Watts told me there was nothing secret or improper about the joint prosecution agreements, which simply reflected the cooperation between his firm and lawyers for the class as they squeezed Syngenta. He said he obtained ethics opinions okaying the agreements before he signed them. His press release said the complaint “is not worth the paper it is written on, nor the ink it took to pollute the pages of (the) petition.”
It’s obviously within the bounds of ethics for a lawyer to advise clients to opt out of a class action settlement if you think you can get a better deal for them. Watts may well have thought he could use the leverage of his enormous inventory of cases to obtain a premium for his clients. But according to the complaint, his clients will end up with the same terms as class members who weren’t represented by Watts Guerra - except they’ll also have to pay contingency fees. (Watt declined to say whether he would seek to enforce his private fee agreements but did say the MDL lawyer has the inherent power to oversee his fees.)
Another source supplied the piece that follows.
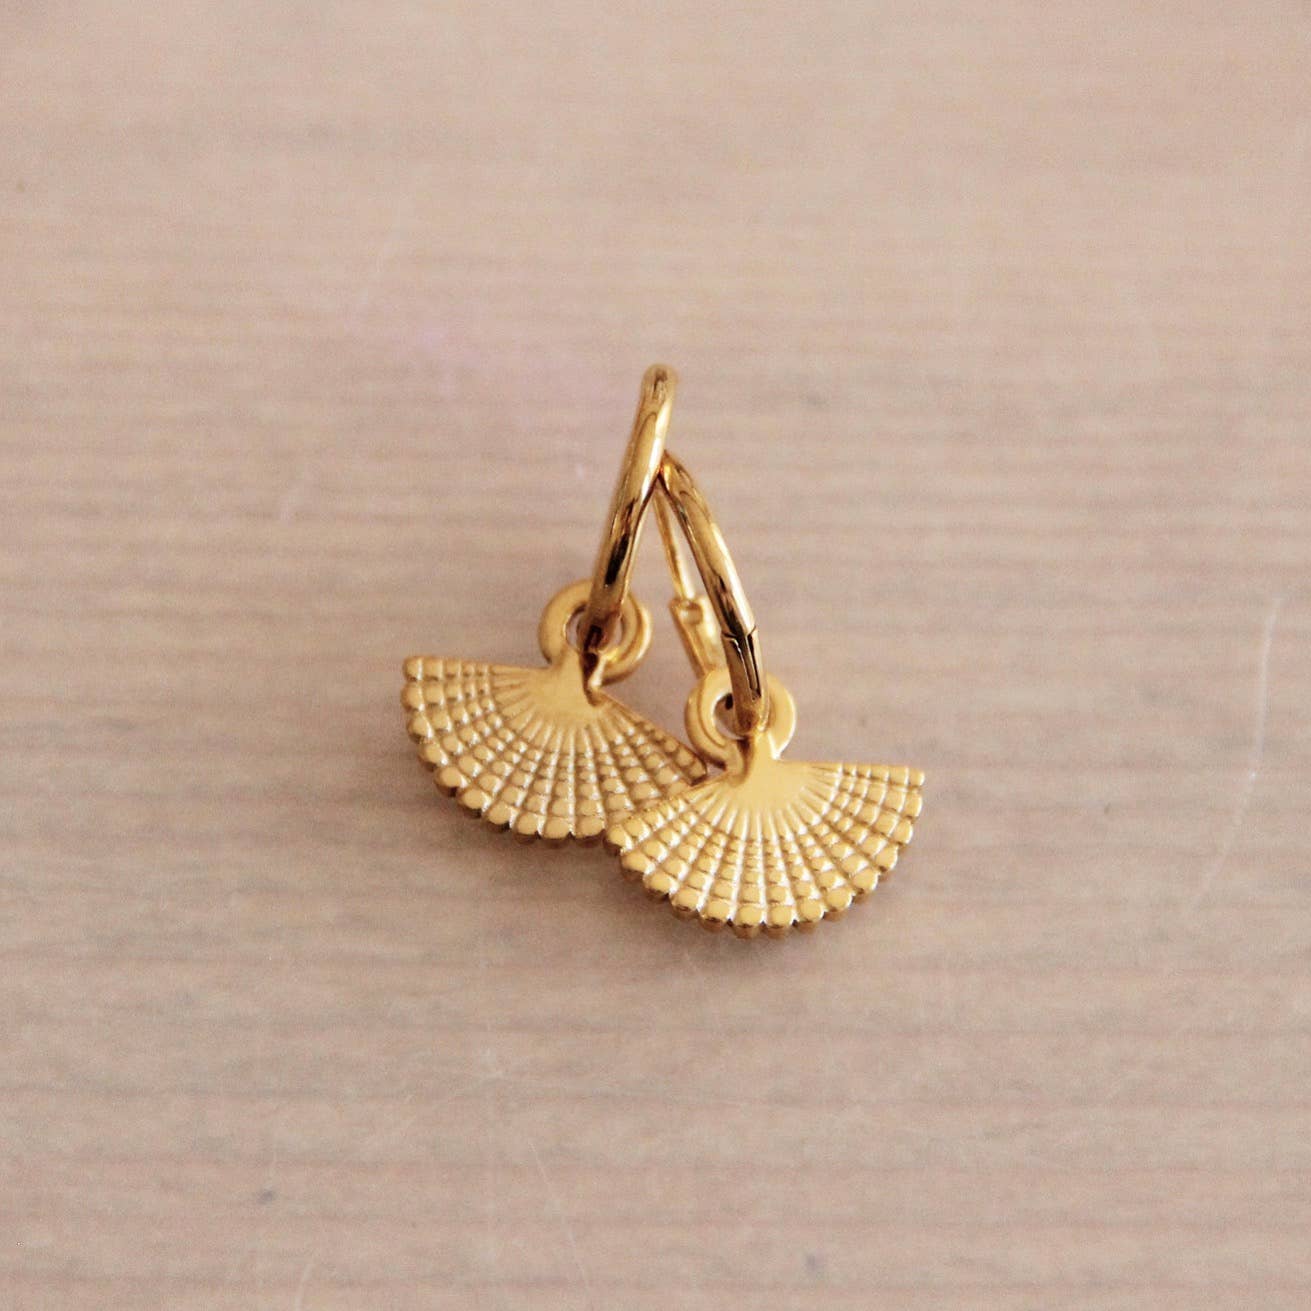 Stainless steel earrings with fan - gold

Lead counsel in the federal Syngenta MDL – Don Downing of Gray Ritter & Graham, Patrick Stueve of Stueve Siegel Hanson, Scott Powell of Hare Wynn Newell & Newton and William Chaney of Gray Reed & McGraw – sent an email statement in response to my email asking about allegations that they colluded with Watts to exclude his clients from the class. (They are not named as defendants in the suit.)
“All joint prosecution agreements, including the one in question in this lawsuit, were disclosed to the court,” the statement said. “It included provisions concerning any potential future payments of common benefit assessments that would be awarded by the court for work done on the cases by lead counsel only if the MDL class cases were ultimately not certified as a class action ... Because we reached a nationwide class settlement agreement, such provisions for future payments of common benefit assessments do not apply. Mr. Watts’ clients after fully informed consent still have a right to opt out. The fully disclosed JPA agreement simply set up a mechanism for his clients who filed individual actions to do so after being fully informed of their rights.”